Well, a $200 million athletic budget for starters, which is ~ 70% larger than Illinois' IIRC, helps. Then add in some very deep-pocketed donors (like Steve Ross and others.) Also a large, adjacent metropolitan area, filled with alums who are rabid Michigan sports fans and not diluted to the extent Chicago is by other followings. (In Detroit MSU plays serious second-fiddle to UM.) Also, more than a century of largely uninterrupted football excellence and national profile.

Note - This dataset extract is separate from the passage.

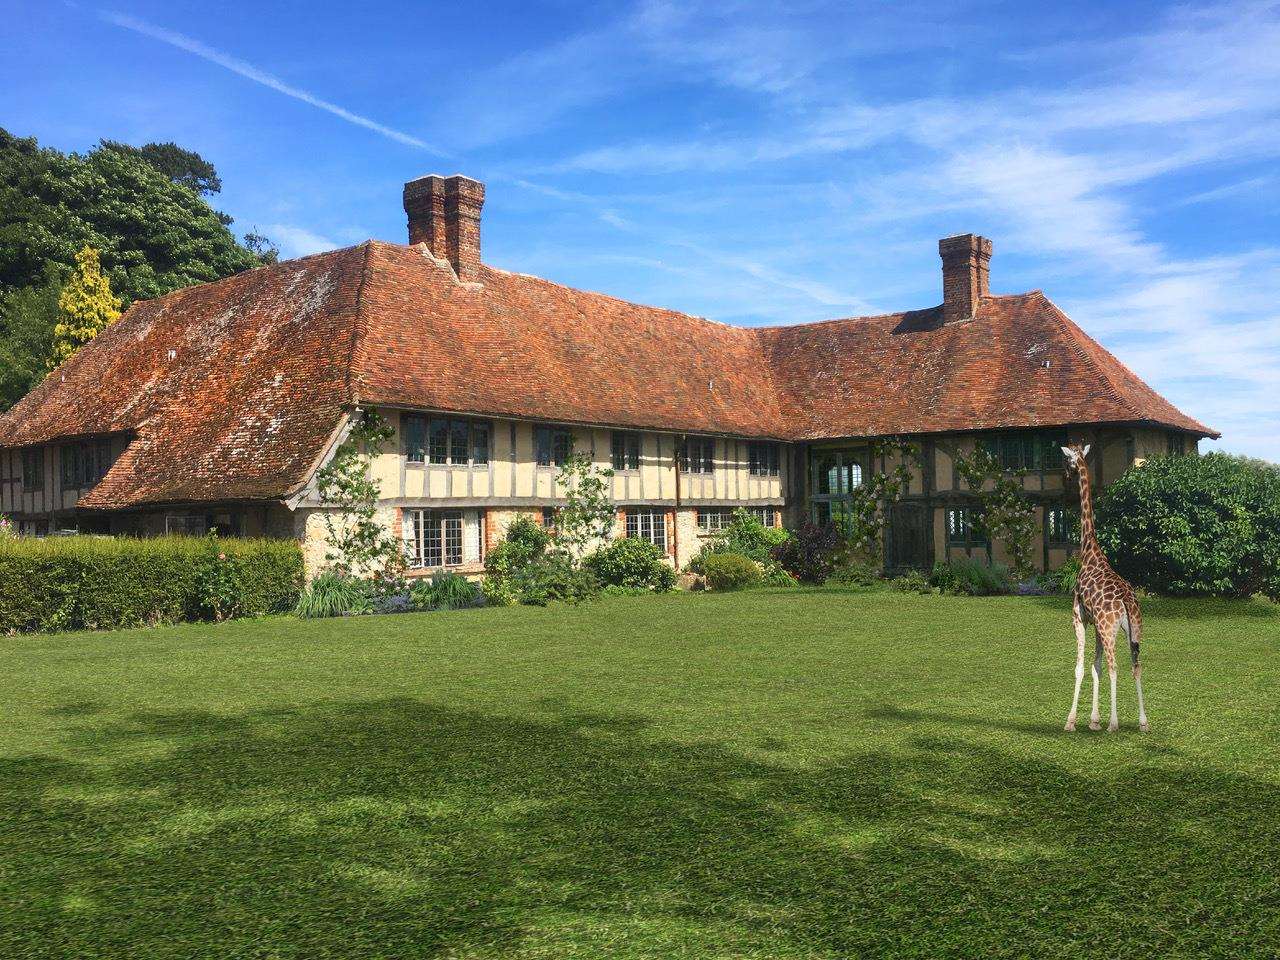 How it would look at Giraffe Manor

It's a brand that perhaps got itself started w/o help from the university admin but in the slipstream of which the university has drafted effortlessly for many decades. And it's not just football. It's everything, all the way down to women's field hockey. It also helps to have a longstanding, charismatic coach like Schembechler (or Paterno or Hayes) who becomes a power center unto himself and inextricably linked with the brand.
My favorite Woody Hayes quote, from the '60s when a local journalist asked how he would respond to criticism from faculty that the OSU football program overshadowed the academics of the university: "I disagree. Ohio State is a university of which the football team can be justifiably proud."
Said the Professor of Military History (he actually taught that course every winter until he was fired in '79.) Finger, meet eyes.
But these are rare situations in which a tremendous brand is created and sustained over many decades. And OSU still struggles with a reputation of having mediocre academics. I'm sympathetic to FLIllini's argument. But I think it comes down to who's sitting in the President/Chancellor's chair and what issues and crises command their attention, rather than benign neglect. When you're struggling to fill holes caused by dwindling state funding, as our Presidents/Chancellors have been doing for a long time, you tend to want an athletics department that doesn't create more fires to fight. When you're sailing comfortably on calm seas with a following wind you have the luxury of focusing more broadly. When I was a student, Stan Ikenberry (as President) and Thomas Everhart/Morton Weir (UIUC Chancellors) were outstanding leaders. I've not been too impressed with many of their successors. Nancy Cantor, for one, was a train wreck.
As for Michigan, I recall that Lee Bollinger (now president of Columbia Univ) wrote an entire book about the importance of athletics to the U of M brand. I read it ~ 20 years ago. And Mary Sue Coleman, his successor, stated flatly that the football program was a tremendously important asset to the university. And indeed it is.